During the early days of his premiership, Netanyahu did keep
his word, sending representatives to meet with Arafat and
his aides, and appointing several senior members of the
government who were known as supporters of the peace
process. However, he was still weighed down, morally and
electorally, by various ministers and government members
from his own party, as well as members of his right-wing
coalition, along with settler representatives (Yesha Council
and Yesha Rabbinical Council). They believed Netanyahu
owed them a moral debt that should not be violated. This
was a delicate line to tread, especially when considering
Netanyahu's ideological upbringing, and the increasing
commitment of the US president to furthering the process,
particularly after Rabin's assassination.
The pressure from the US (especially after the Western Wall
Tunnel riots), the construction on Har Homa, and the continued
expansion of Jewish settlements – all brought Netanyahu to
vacillate back and forth, resulting in two major outcomes:
• Political instability of his government and coalition.
• Increasing distrust on the Palestinian side.
The Palestinians continued the suicide bombings, although
on a much smaller scale, producing two effects: further
undermining the trust of the Israeli public in the Oslo process
(although the polls demonstrate they continued to score the
general Peace Index highly), and providing more arguments/
justifications for anyone opposing the process, including
PM Netanyahu.
The Palestinians, with Arafat in the lead, remained obtuse
to the incredible sensitivity of the Israeli public to personal
security. Arafat, with no true comprehension of how Israelis
viewed these bombings, failed to consider how they would
react. With few options, Israel had no recourse but to institute
a more severe security policy (arrests, curfews, roadblocks,
blockades, and forbidding entrance into the country), a
response that only aggravated the Palestinian public and
worsened their situation, and was even more detrimental
to the process.
In the times Netanyahu did try to push forward with the
process, he favored pushing for a permanent agreement, in
contrast to Arafat – who preferred (in fact, insisted) that all
interim agreement conditions must first be met (the 3-stage
IDF withdrawal). What were the interests of each party?
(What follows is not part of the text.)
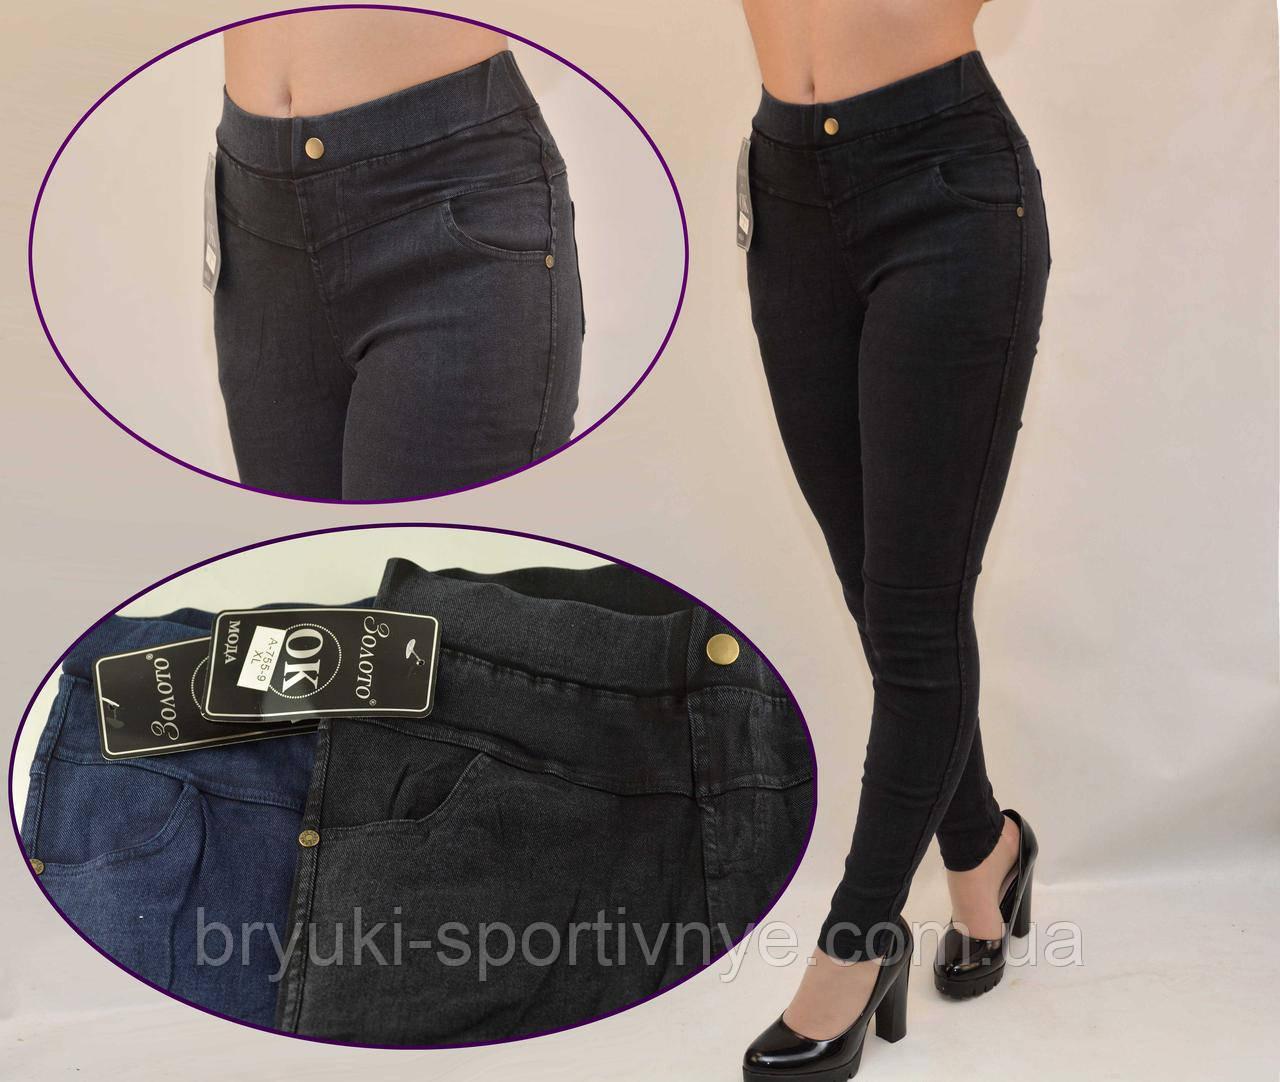 Джинсы женские стильные с пуговицей и заклепками на карманах

• Arafat – persisted in the view that "a bird in the hand is
worth two in the bush", and was concerned the two parties
were not ready for a real discussion regarding permanent
terms (meaning resolving core issues).
• Netanyahu – feared agreeing to too many interim terms,
including withdrawals and concessions, without any
appropriate compensation from the Palestinians, so that
when the time did come for permanent resolutions, hewould
have less resources to bargain with. One could also posit
that he wanted to stall for time, for well-known reasons. It
is impossible to determine which of these motivations were
more important, but the two were surely interconnected.
At this point, the US was actively involved in the process,
certainly more so than previously. It is possible that had the
US pushed even harder for both parties to adhere to the "Oslo
spirit", the chances of success would have been improved.
In contrast to the three previous years (1993-1996), where we
point to the suicide bombings as the most dominant factor
disrupting the process, during this time a combination of
factors were more in play. Netanyahu's basic attitude, his lack
of determined leadership in advancing the process, the lack
of unity within Israeli leadership, heterogeneity of his coalition
when Netanyahu still had to contend with the commitments he
made to the electorate base that brought him to power – and
conversely, Arafat's conduct and occasional tirades, and the
unending series of terrorist attacks – all of which created an
amalgamation of factors that cut short the process.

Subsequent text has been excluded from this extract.